Nuova normativa per il bisfenolo A, ma l’Efsa assicura: “Niente rischi da Bpa per la salute”
Nuove valutazioni della tossicità e dell'esposizione dei consumatori alla sostanza sembrano destinate a rassicurare anche gli animi più preoccupati: siamo nettamente al di sotto dei livelli di sicurezza
Lo abbiamo sentito accusare più volte di esporre la salute a gravi rischi, ma oggi l’allarme associato bisfenolo A (noto anche come Bpa) viene fortemente ridimensionato dall’Efsa, l’Autorità europea per la sicurezza alimentare.

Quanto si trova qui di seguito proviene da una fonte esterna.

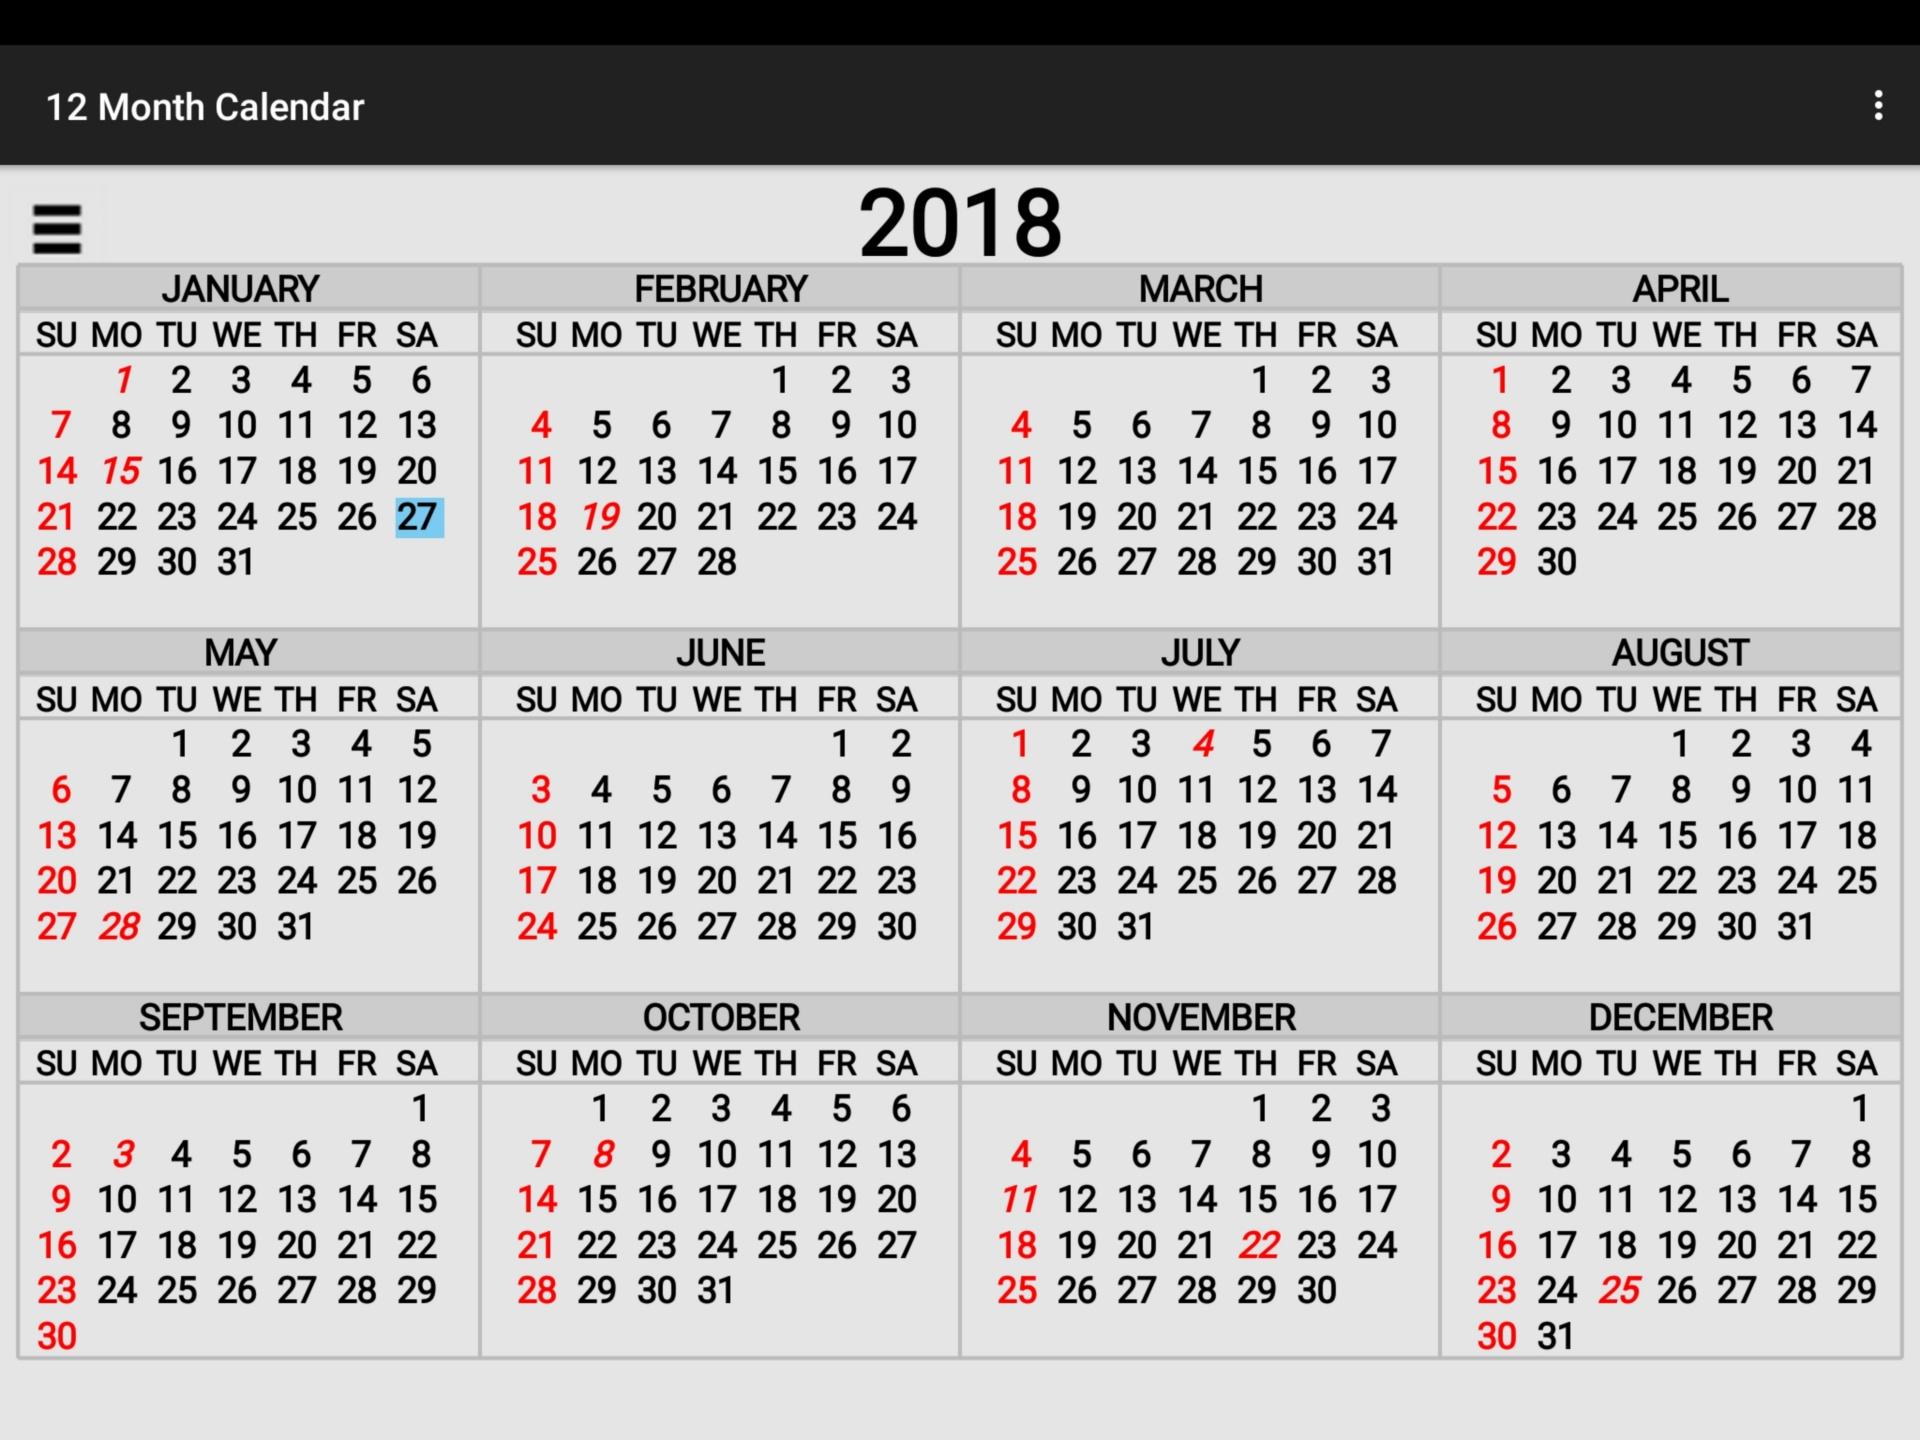 Simple,2018,annual,calendar,12 - free image from needpix.com

Al termine di una nuova valutazione della sua tossicità e dell’esposizione dei consumatori alla sua presenza l’Efsa ha infatti concluso che gli attuali livelli di esposizione attraverso l’alimentazione e tutte le altre fonti (la cosiddetta “esposizione aggregata”) sono “nettamente al di sotto del livello di sicurezza” e che quindi non rappresenta un rischio per la popolazione di qualsiasi età, inclusi i feti ancora nel grembo materno.
La conclusione rimane valida anche se la nuova normativa, basata sugli ultimi dati a disposizione, abbia abbassato la dose giornaliera tollerabile da 50 µg/kg di pc/giorno (microgrammi per chilogrammo di peso corporeo al giorno) a 4 µg/kg di pc/giorno. Infatti secondo le stime l’esposizione aggregata più elevata possibile resta da 3 a 5 volte inferiore al livello di sicurezza.
Bpa, un temuto nemico
Il bisfenolo A viene utilizzato per produrre diversi materiali che entrano in contatto con gli alimenti. Celebre è il caso della plastica utilizzata per produrre i biberon, da cui il Bpa è stato messo bando ormai tempo fa. In altri casi è possibile riscontrarne ancora la presenza, ad esempio nel materiale di rivestimento interno delle lattine e nella carta termica utilizzata per gli scontrini.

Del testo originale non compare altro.